Страница 15 из 16
Он клялся и божился, что не обманывал меня, и валек в таймырских речках и озерах действительно водится, и это он знает от совершенно надежного человека. Другое дело, поймать редкостную рыбку удается не всем. Мол, и наплевать на нее, в конце концов мы приехали сюда не валька ловить, посмотри, какая интересная здесь работа – искать алмазы!

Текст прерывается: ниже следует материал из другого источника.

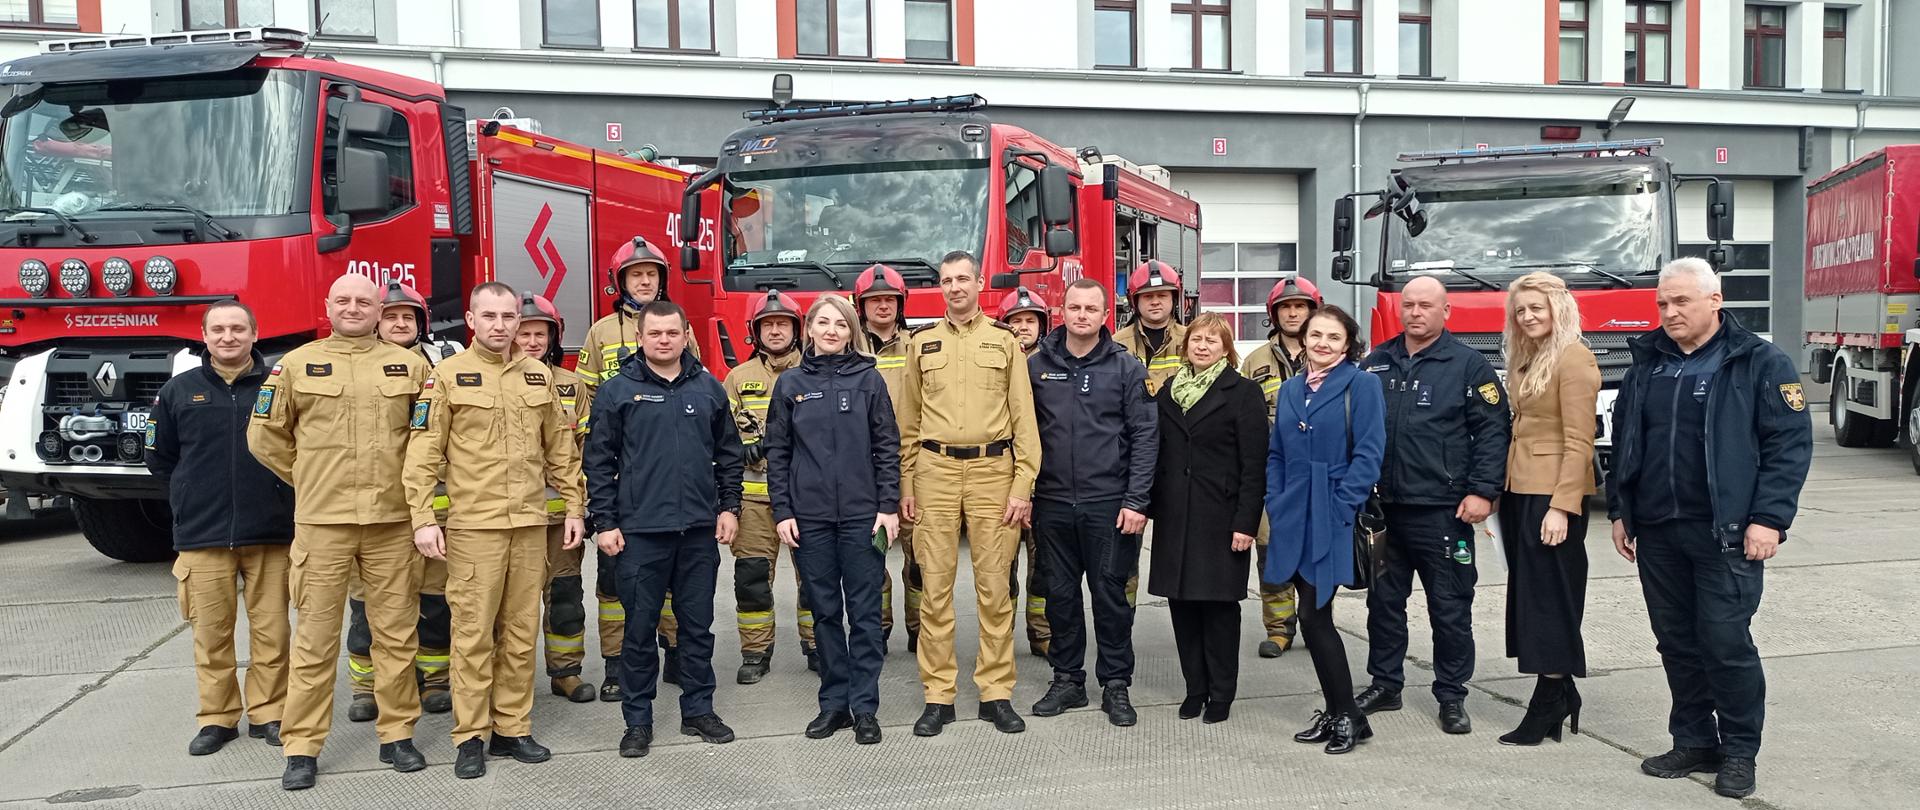 Wizyta delegacji ukraińskich strażaków z obwodu iwanofrankiwskiego na terenie powiatu brzeskiego - zdjęcie przedstawia delegację ukraińskich strażaków oraz funkcjonariuszy KP PSP Brzeg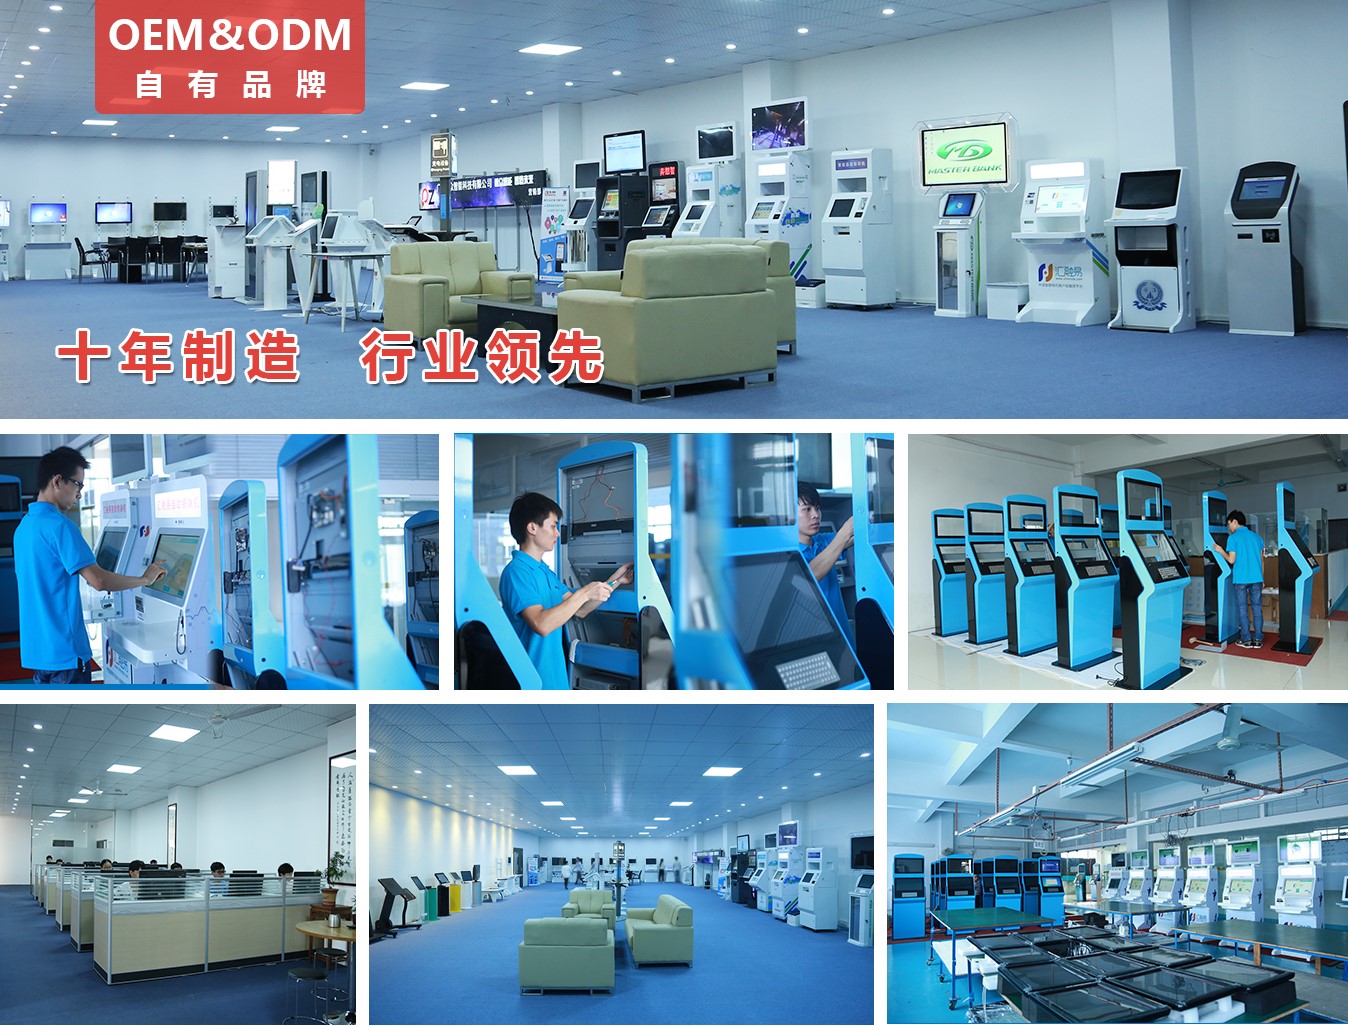 19寸壁挂横屏广告机PZ-19BE--广州磐众智能科技有限公司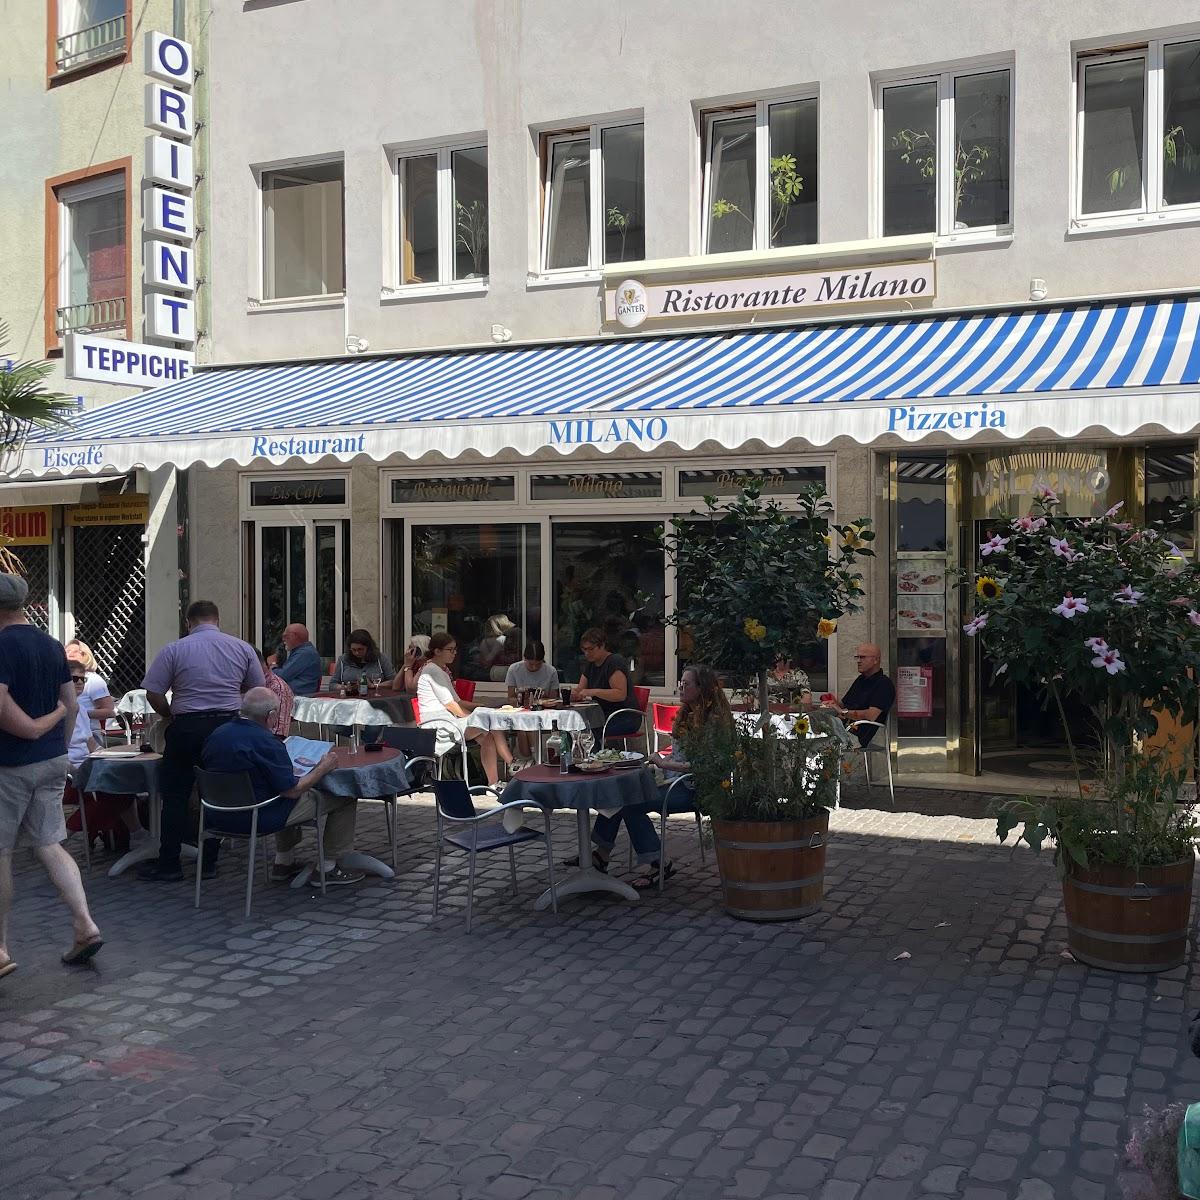 Restaurant "Pizzeria Restorante Milano" in Freiburg im Breisgau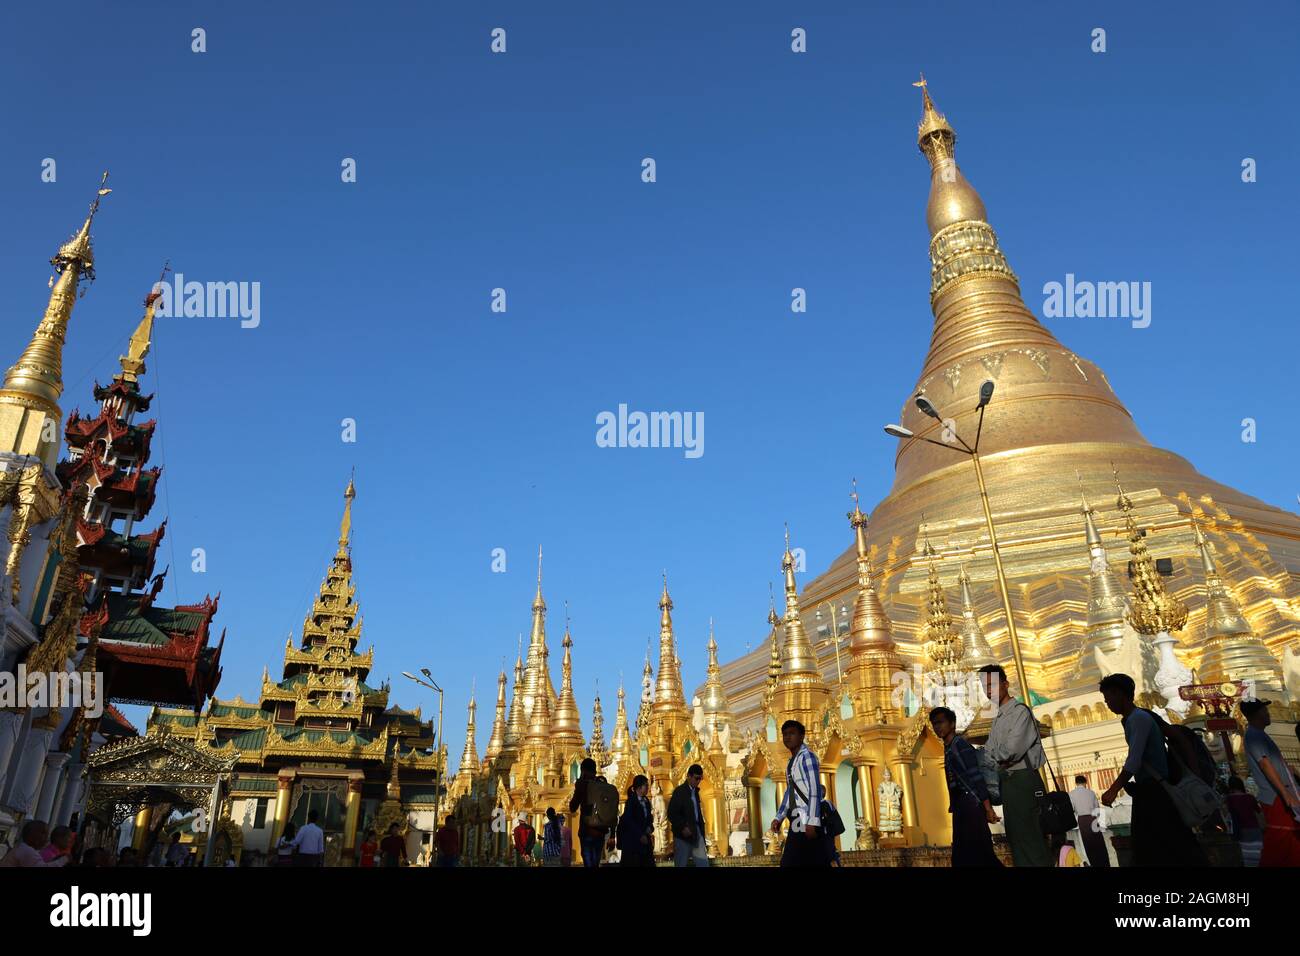 YANGON/MYANMAR - 26th Aug, 2019 : Shwe Dagon Pagoda, Yangon, Myanmar. Stock Photo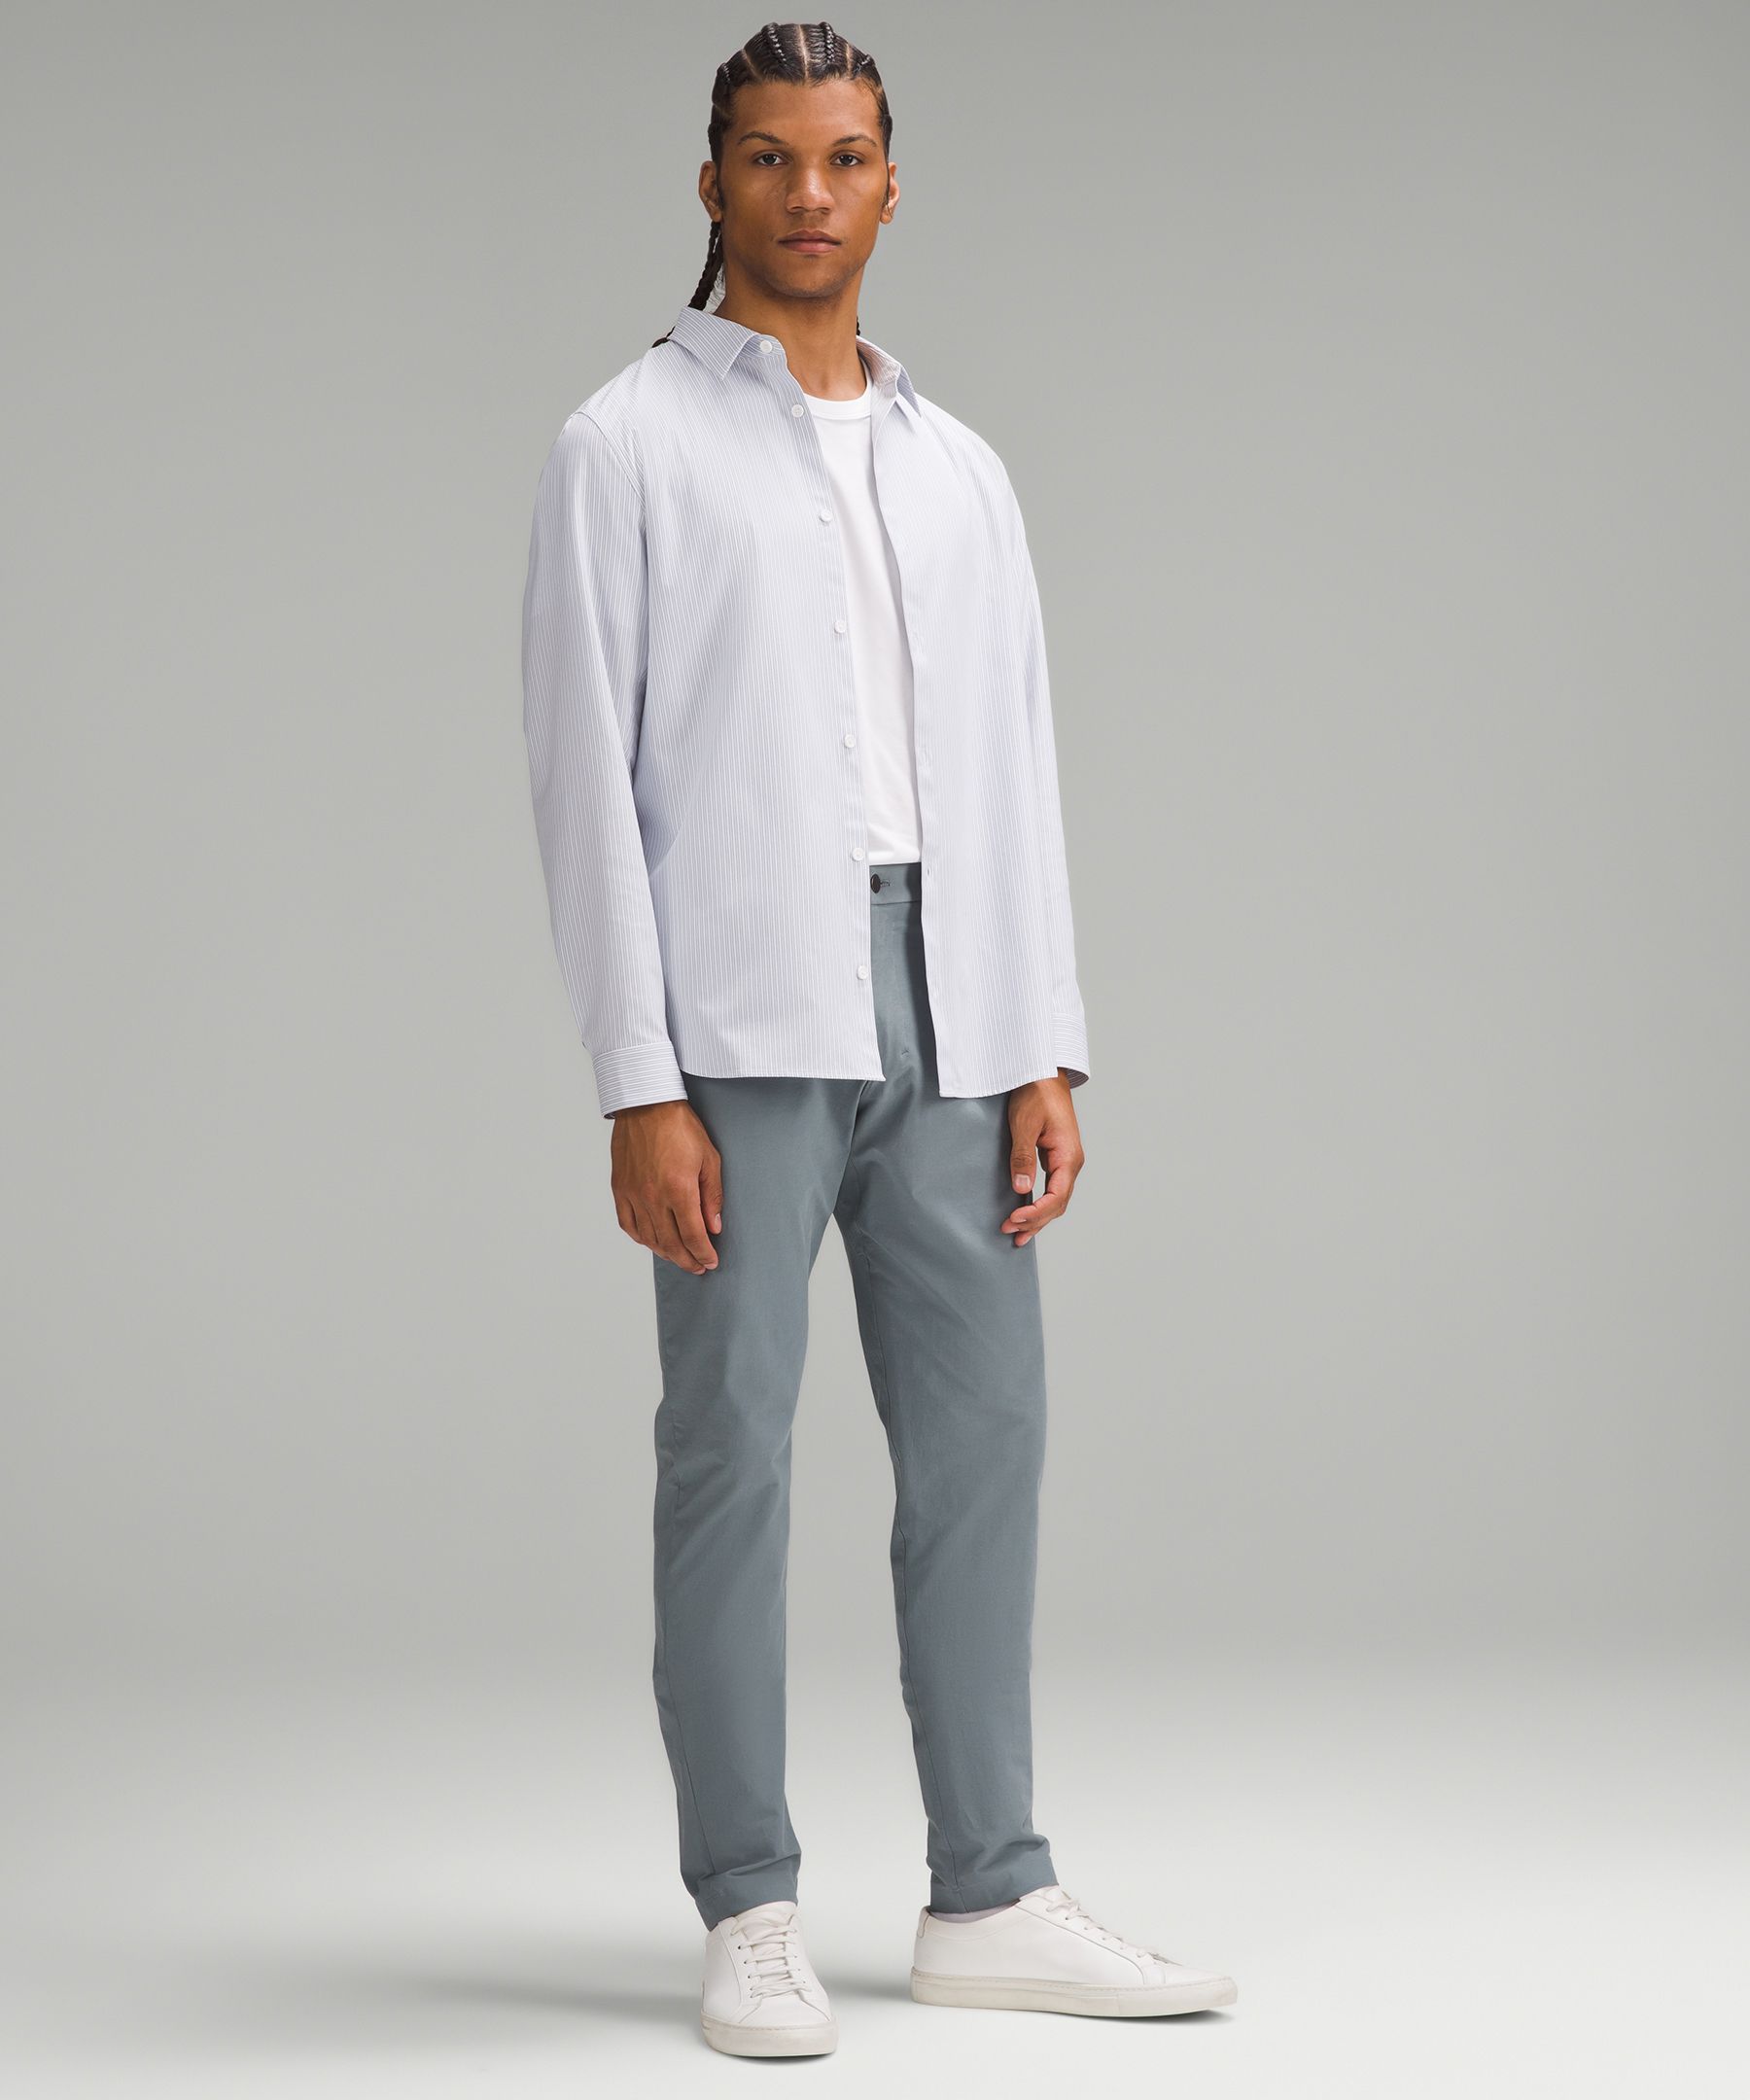 ABC Slim-Fit Trouser 30"L *Stretch Cotton VersaTwill | Men's Trousers

Мне уже ничего здесь не нравилось, едва дожив до весны, начал киснуть, поскольку эти самые алмазы буквально валялись под ногами, стоит лишь наклониться, поднять любой камень и расколоть. На руде стояли палатки и вагончики, по ней ездили на тягачах и оленях, она лежала на каменке в бане, и мы плескали на нее кипяток; содержание драгоценного минерала на тонну породы в сорок раз превышало все известные, например, в кимберлитовых трубках Якутии. Только алмаз был не тот, что гранят, оправляют золотом и носят в виде украшений. Этот был техническим, им армировали резцы для сверхточной обработки металла и камня, его загоняли в буровые коронки, наждачные круги и пилы, однако человеческий разум не мог еще придумать такой техники и технологии, чтоб отделить его от крепчайшей породы.
На Таймыре мне впервые приснилась Манарага, которую прежде я не видел. Во сне увидел довольно пологие склоны, поднимающиеся от подошвы, но выше они становились круче, круче, и сама вершина представляла собой более десятка конусообразных столбов с каменными осыпями у основания. Будто я стою внизу, надо подниматься, но меня охватывает жуть, ни рукой, ни ногой не пошевелить. А кто-то говорит, мол, что же ты, пришел к горе, а подняться боишься? Давай иди, это же и есть Манарага! Будто я все-таки пошел и добрался до самых зубьев на вершине, но склоны на глазах вздыбились, и я повис на руках.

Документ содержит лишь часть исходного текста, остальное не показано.